The company has granted the initial purchasers a 13-day option to purchase up to an additional $15 million aggregate principal amount of such Notes.
Upon conversion, the Notes will be settled in shares of the Company's common stock. However, if the Company receives stockholder approval in accordance with the Nasdaq Listing Standards, the Company noted that it will settle conversions of the Notes through payment or delivery, as the case may be, of cash, shares of Company's common stock or a combination thereof, at the Company's election.
According to the company, the Notes will pay interest semi-annually at a rate of 2.75% per year. The Notes will mature on December 1, 2020, unless earlier repurchased or converted in accordance with their terms prior to such date. Prior to September 1, 2020, the Notes will be convertible at the option of holders only upon satisfaction of certain conditions and during certain periods, and thereafter, at any time until the close of business on the business day immediately preceding the maturity date. Holders of the Notes will have the right to require the Company to repurchase all or some of their Notes at 100% of their principal amount, plus any accrued and unpaid interest, upon the occurrence of certain events.

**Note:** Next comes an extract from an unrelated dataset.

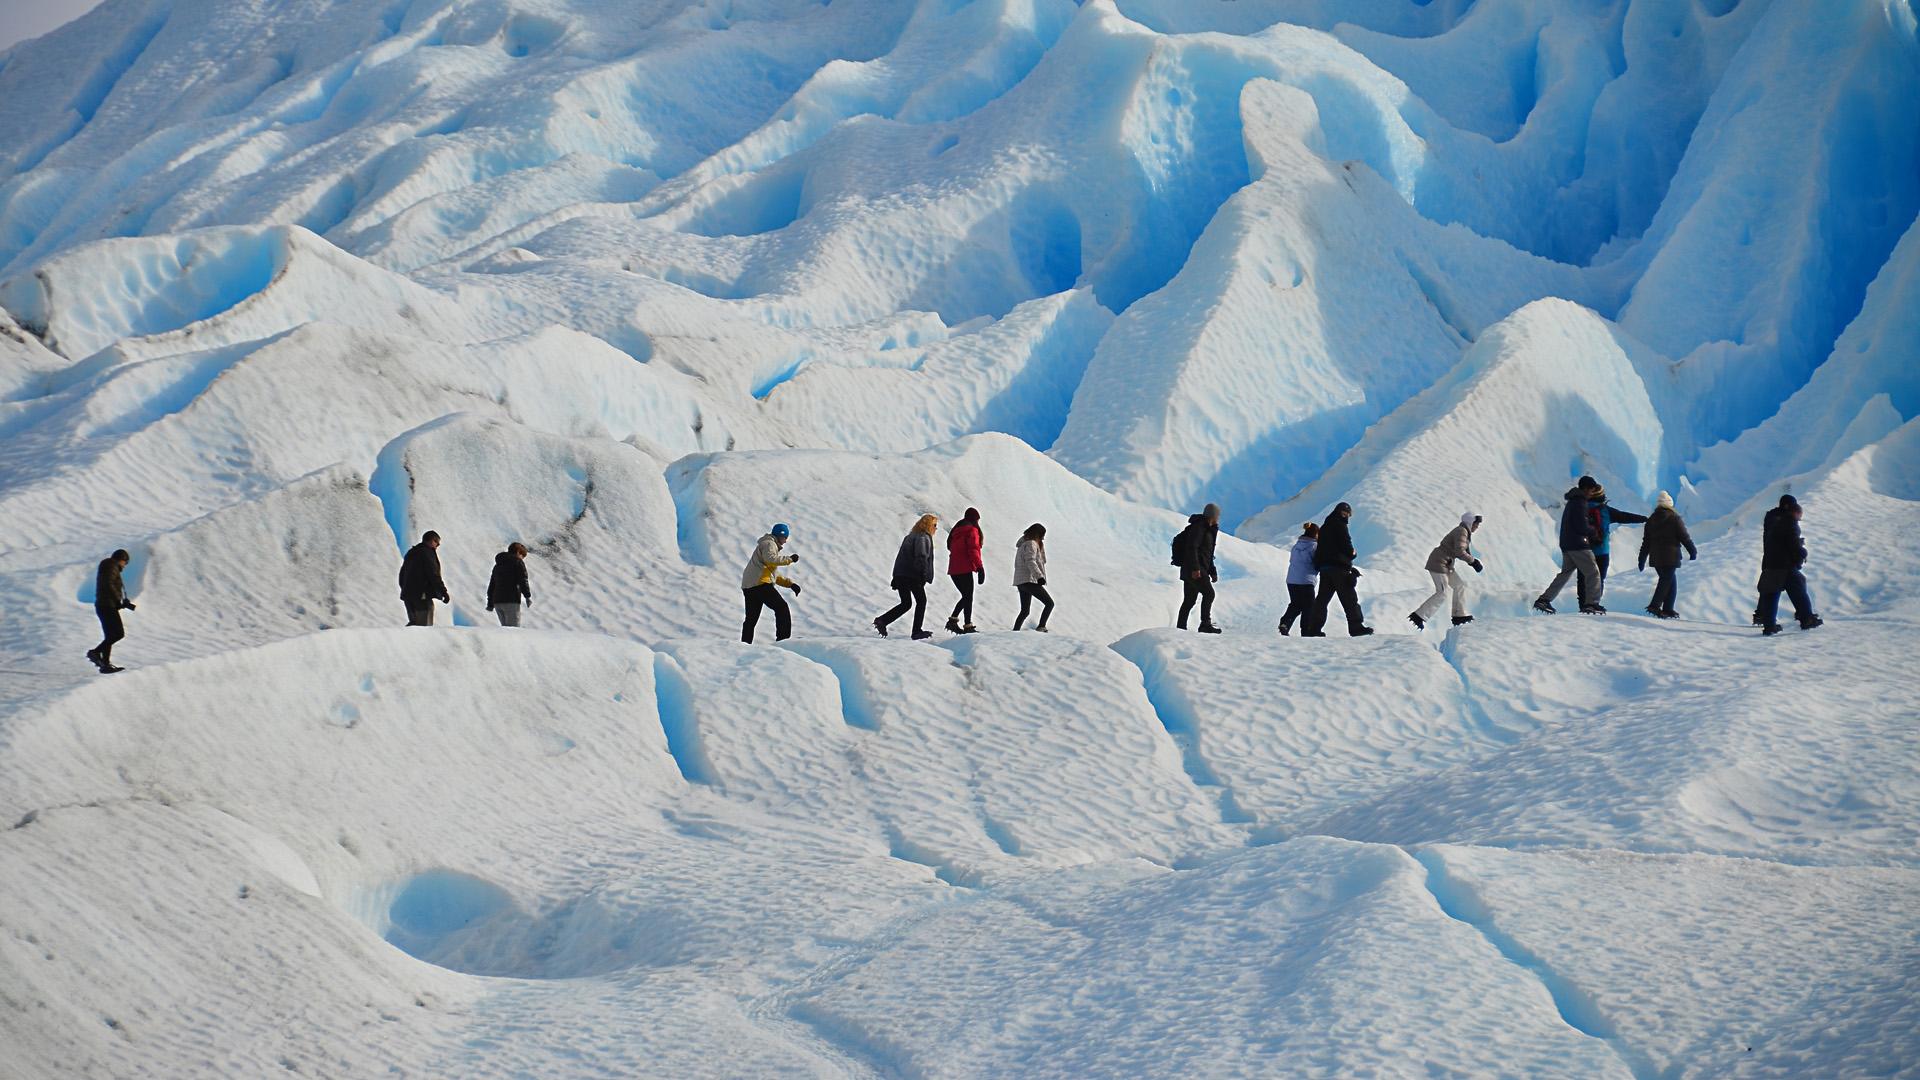 En los andes fueguinos cambia la orientación de la Cordillera en sentido oeste-este y disminuye considerablemente su altura (Foto del Glaciar Perito Moreno)
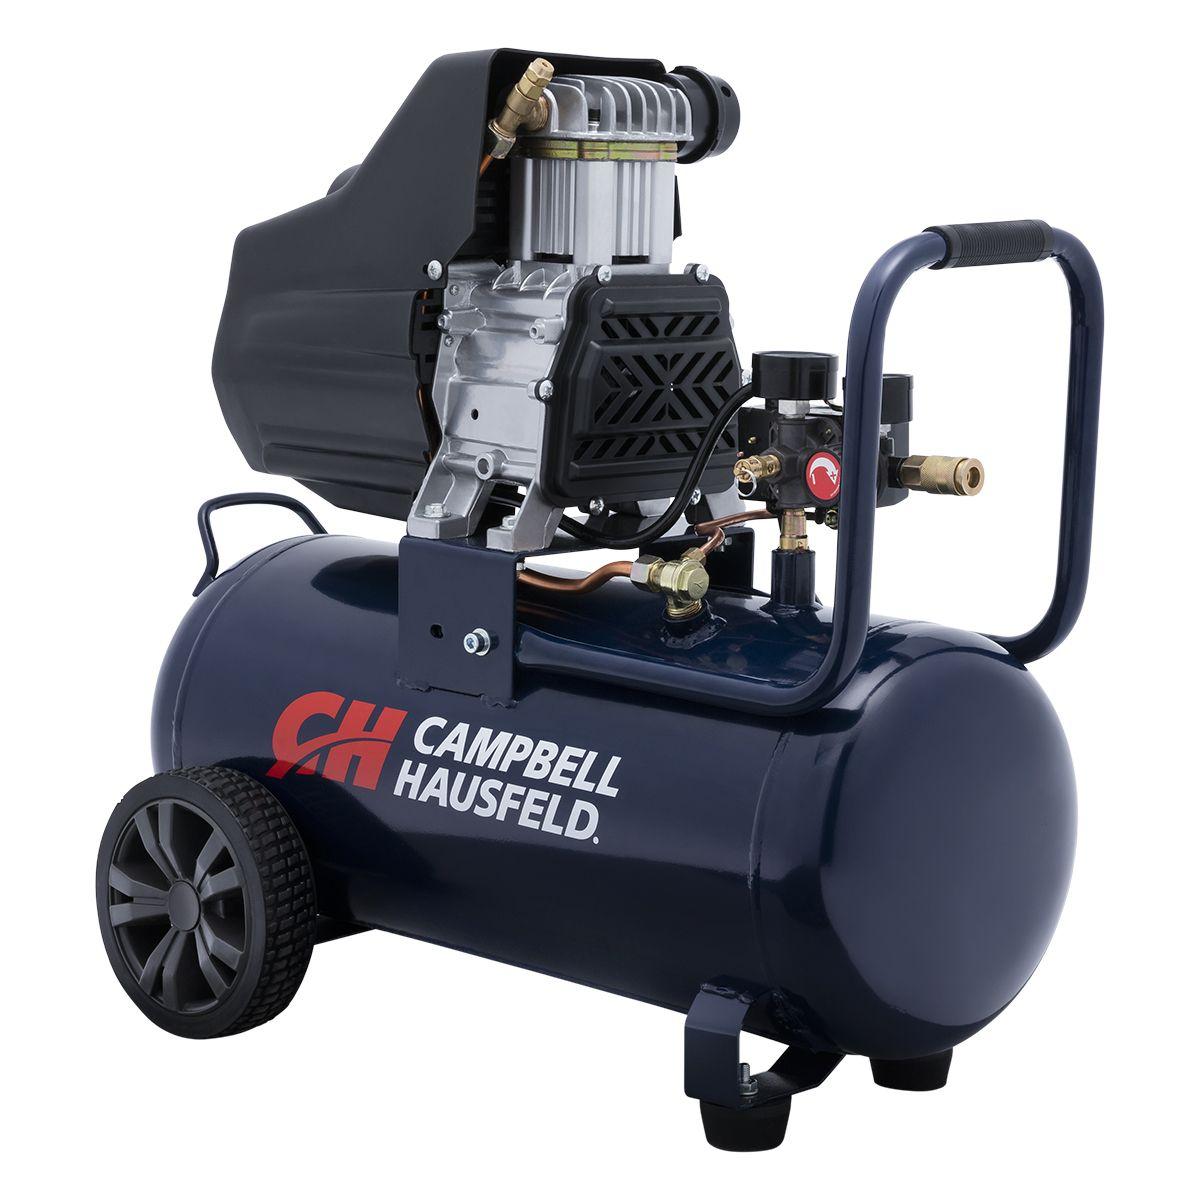 8 Gallon OilFree Air Compressor (DC080100) Air

The conversion rate for the Notes will initially be 122.1225 shares per $1,000 principal amount, which is equivalent to an initial conversion price of approximately $8.19 per share of common stock, and is subject to adjustment under the terms of the Notes. The initial conversion price of the Notes represents a premium of approximately 32.5% to the $6.18 per share closing price of the Company's common stock on December 2, 2013. The sale of the Notes is expected to close on December 6, 2013, subject to customary closing conditions.
The company estimates that the net proceeds from the offering will be approximately $96.1 million after deducting the initial purchasers' discounts and commissions and the estimated offering expenses payable by it.
The company said it plans to use the net proceeds from the offering of the Notes for working capital and other general corporate purposes. It may also use a portion of the net proceeds to in-license or acquire new businesses or products; however, it has no current commitments or obligations to do so.